No, that couldn't be right. He had to be heading back toward Vekas, yet he had taken the complete opposite direction, and there had to be a reason why. Even in a hasty retreat, he’d purposefully chosen that direction.

Part of me wanted to chase after him, but I knew I didn't have the ability. I was still far too corporeal, and I wasn't willing to give that up like the Shriek had over the years. I liked having a body, I liked its joys, and I liked the trials that came with it.

So, I watched him go, trying not to despair that my enemy had survived me, instead taking solace in the fact that I had survived him. But as I stood there, I belatedly remembered there was a whole different type of battle taking place.

Turning, I began to limp back toward the beach. I wasn't sure what injury I’d sustained that caused the unevenness in my gait, but I also felt the adrenaline wearing off and my body's protesting to all my repeated shifts. It wasn't easy to do in the best of circumstances, and I was fairly rusty at taking my wolf form. In the future, I was going to be better at that. I swore to myself I would enjoy and revel in all of me, not just the tiny pieces that my coven and other people had deemed convenient.

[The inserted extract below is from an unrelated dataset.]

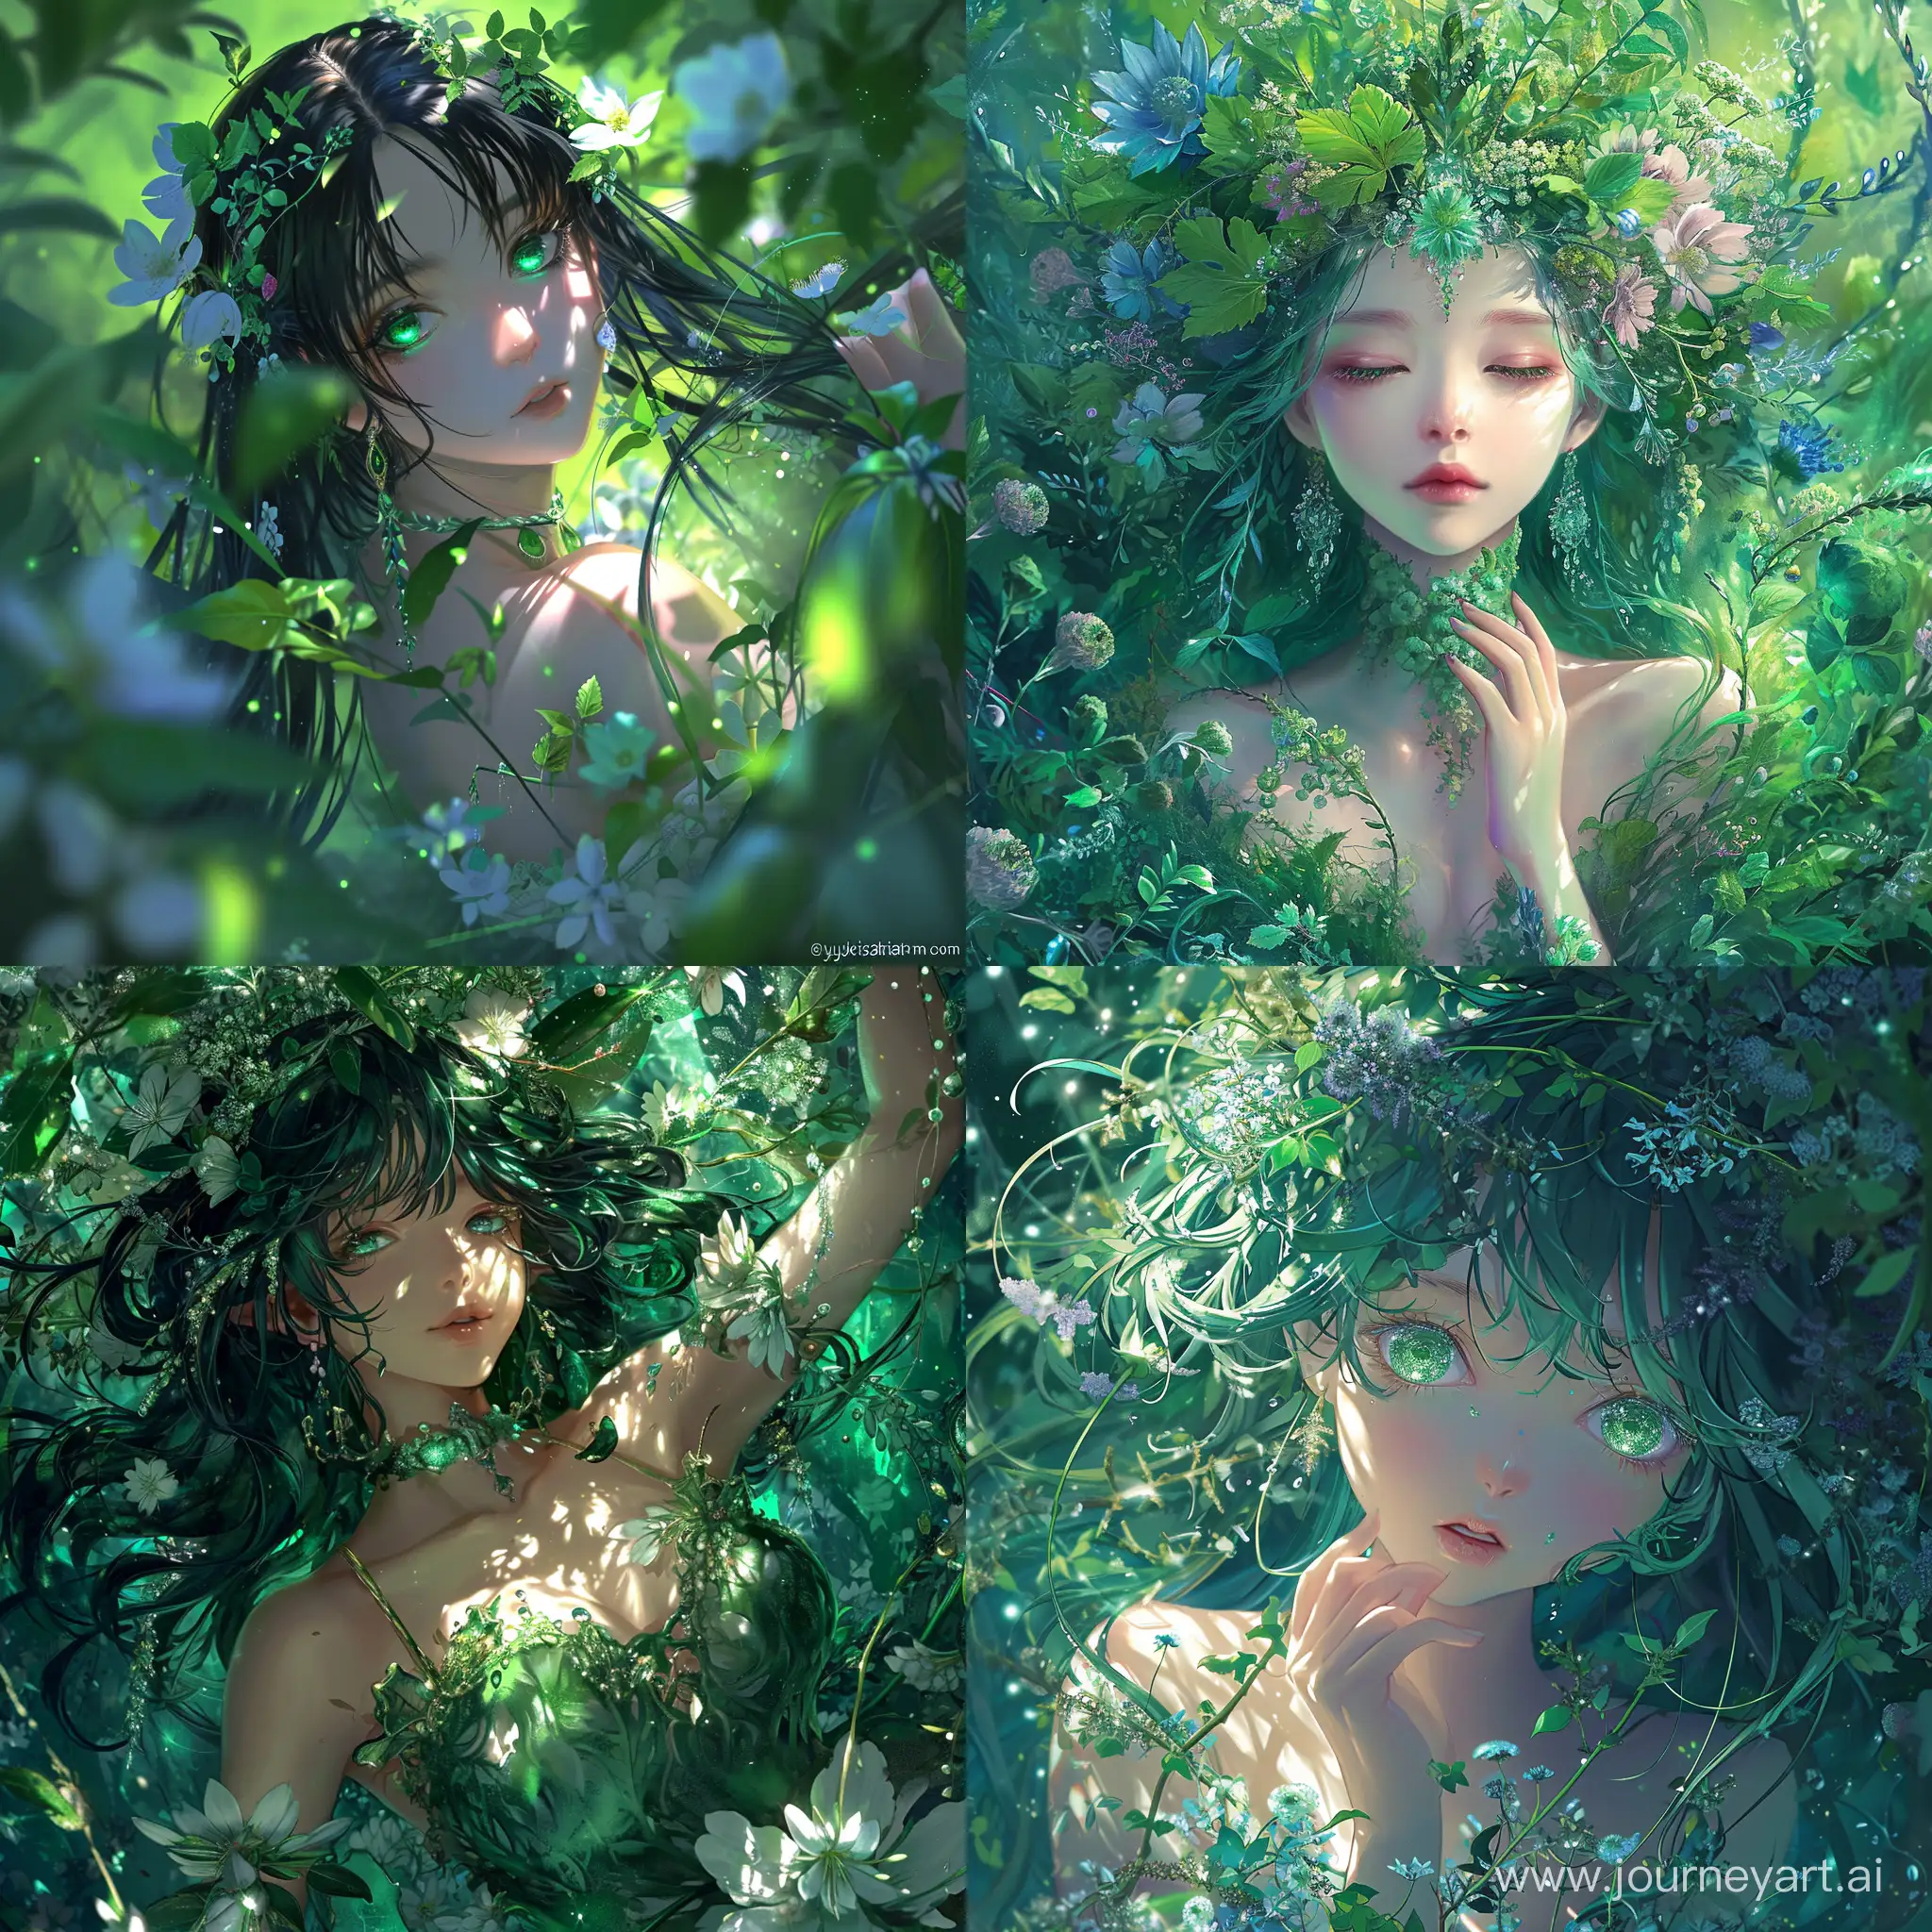 парфуми, лікарські трави, the color of the deepest forest emeralds, sparkle with a hint of magic and mystery, reflecting the beauty of the floral symphony that surrounds her, With the clarity and detail of 8K Ultra HD images, every petal, every hue, and every expression of her otherworldly charm come to life in vivid splendor, by yukisakura, awesome full color

I hadn't quite made it over the ridge leading from the residential area to the more commercial beach front and dock area when Darla came running up to me. I had no idea just how far the Shriek had thrown me, and suddenly the pain in my leg made a lot more sense. If I had to guess, it was actually my lower back that was the source of the injury, but I could diagnose myself later.

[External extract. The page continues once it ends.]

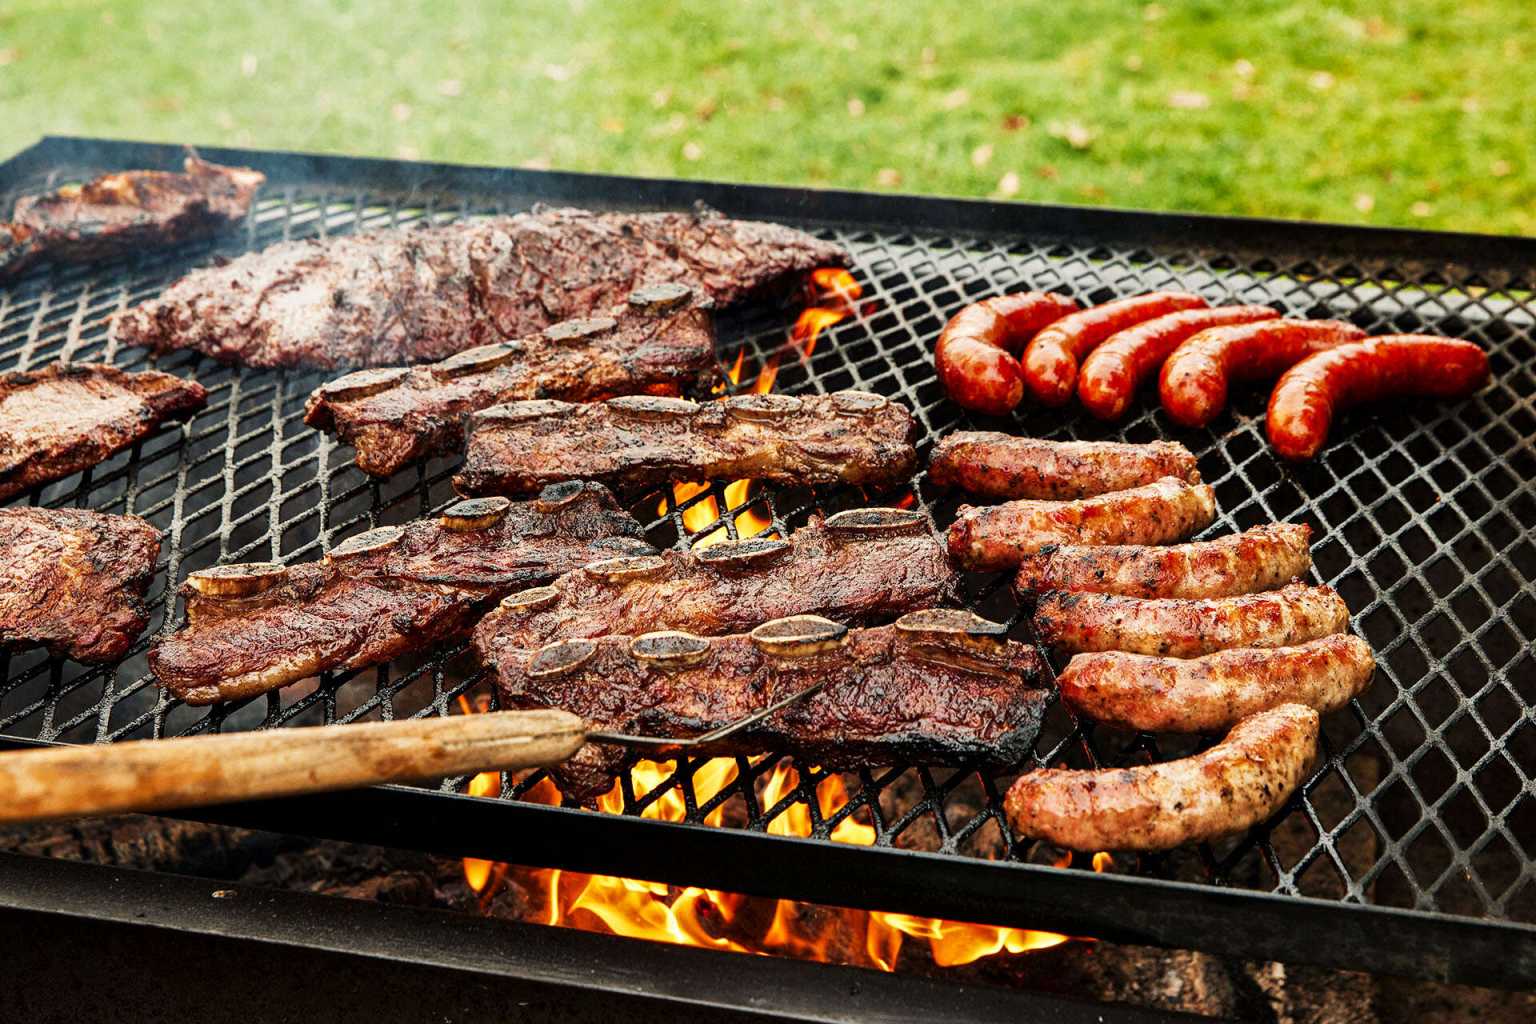 A rustic barbecue with a mixed grill twist

“Ayla!” my friend cried, rushing forward in relief with her arms open.

I let myself collapse into her, holding on for dear life. I didn't quite feel like crying, but I was incredibly overwhelmed, not just at the disappointment and shame of not having finally destroyed the Shrouded Shriek, but the happiness at seeing my best friend safe and intact, although she was absolutely filthy. I was sure that was blood caked onto the side of her face—blood that smelled like hers. I was worried for my mate but soothed that I could still feel him healthy and alive through our bond. It was a heady cocktail of sensations and impulses, but it felt so much easier to weather in the arms of my best friend.

I had been so foolish to try and push Darla away for so long. I knew that I’d been so scared, and that my curse had complicated things far more than a younger, less experienced Ayla could ever understand, but it was connections to my fellow cryptids, and the family we'd built together, that gave me the strength to do what I'd always assumed was impossible. I wouldn't be alive without them; I knew that through and through.

“The battle,” I said through deep, unsteady breaths. It was only a fragment of an idea, and yet my friend understood exactly what I meant, and not just because of her psychic powers, but because she understood me at a level none of the previous caretakers in my life had ever tried to. We'd been through hell and back together, and it felt like nothing could stop us.